[Given data Boundary: Start]

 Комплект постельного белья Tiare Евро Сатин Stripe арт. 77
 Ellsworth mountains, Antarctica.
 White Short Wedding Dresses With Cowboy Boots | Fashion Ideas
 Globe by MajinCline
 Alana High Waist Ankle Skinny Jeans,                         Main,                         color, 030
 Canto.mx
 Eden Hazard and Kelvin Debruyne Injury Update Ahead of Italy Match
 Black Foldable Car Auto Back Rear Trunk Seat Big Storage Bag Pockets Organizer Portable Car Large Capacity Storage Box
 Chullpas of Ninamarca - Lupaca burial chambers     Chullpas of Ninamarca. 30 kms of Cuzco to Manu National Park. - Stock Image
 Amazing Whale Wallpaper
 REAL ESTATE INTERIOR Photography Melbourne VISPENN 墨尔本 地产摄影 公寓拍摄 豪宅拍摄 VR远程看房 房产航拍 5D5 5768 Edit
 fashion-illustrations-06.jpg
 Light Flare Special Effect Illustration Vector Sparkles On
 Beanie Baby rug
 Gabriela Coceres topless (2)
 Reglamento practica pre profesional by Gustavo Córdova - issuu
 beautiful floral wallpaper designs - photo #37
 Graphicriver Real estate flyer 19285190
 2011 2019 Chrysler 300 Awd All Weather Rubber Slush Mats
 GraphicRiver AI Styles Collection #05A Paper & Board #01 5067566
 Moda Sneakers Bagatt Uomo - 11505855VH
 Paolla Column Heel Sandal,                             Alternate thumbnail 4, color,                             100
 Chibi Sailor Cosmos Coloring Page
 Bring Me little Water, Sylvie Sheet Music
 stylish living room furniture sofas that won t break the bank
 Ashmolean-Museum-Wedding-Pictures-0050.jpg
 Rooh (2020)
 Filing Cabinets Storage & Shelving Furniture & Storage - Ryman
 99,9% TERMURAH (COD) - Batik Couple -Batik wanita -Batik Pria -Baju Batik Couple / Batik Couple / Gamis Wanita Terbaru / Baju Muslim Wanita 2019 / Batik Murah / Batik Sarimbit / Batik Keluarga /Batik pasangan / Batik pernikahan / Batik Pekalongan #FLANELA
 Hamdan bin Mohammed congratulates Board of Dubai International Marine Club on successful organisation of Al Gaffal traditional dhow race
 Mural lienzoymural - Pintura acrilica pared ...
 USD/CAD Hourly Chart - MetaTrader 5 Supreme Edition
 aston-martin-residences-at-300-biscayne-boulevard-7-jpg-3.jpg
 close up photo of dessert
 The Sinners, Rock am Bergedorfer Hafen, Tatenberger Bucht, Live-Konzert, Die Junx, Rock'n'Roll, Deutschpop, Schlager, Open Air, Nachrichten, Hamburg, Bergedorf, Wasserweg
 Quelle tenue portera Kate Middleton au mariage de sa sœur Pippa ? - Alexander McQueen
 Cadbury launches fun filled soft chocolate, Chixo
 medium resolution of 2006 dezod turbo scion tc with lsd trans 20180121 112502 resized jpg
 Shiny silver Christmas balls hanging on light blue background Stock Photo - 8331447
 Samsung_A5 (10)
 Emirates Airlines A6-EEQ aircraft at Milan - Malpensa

[Given data Boundary: End]

Exercise description:
Proceeding from the line containing "Rooh (2020)" through the line containing "aston-martin-residences-at-300-biscayne-boulevard-7-jpg-3.jpg", transcribe the lines above exactly, both end lines included.

Written response:
 Rooh (2020)
 Filing Cabinets Storage & Shelving Furniture & Storage - Ryman
 99,9% TERMURAH (COD) - Batik Couple -Batik wanita -Batik Pria -Baju Batik Couple / Batik Couple / Gamis Wanita Terbaru / Baju Muslim Wanita 2019 / Batik Murah / Batik Sarimbit / Batik Keluarga /Batik pasangan / Batik pernikahan / Batik Pekalongan #FLANELA
 Hamdan bin Mohammed congratulates Board of Dubai International Marine Club on successful organisation of Al Gaffal traditional dhow race
 Mural lienzoymural - Pintura acrilica pared ...
 USD/CAD Hourly Chart - MetaTrader 5 Supreme Edition
 aston-martin-residences-at-300-biscayne-boulevard-7-jpg-3.jpg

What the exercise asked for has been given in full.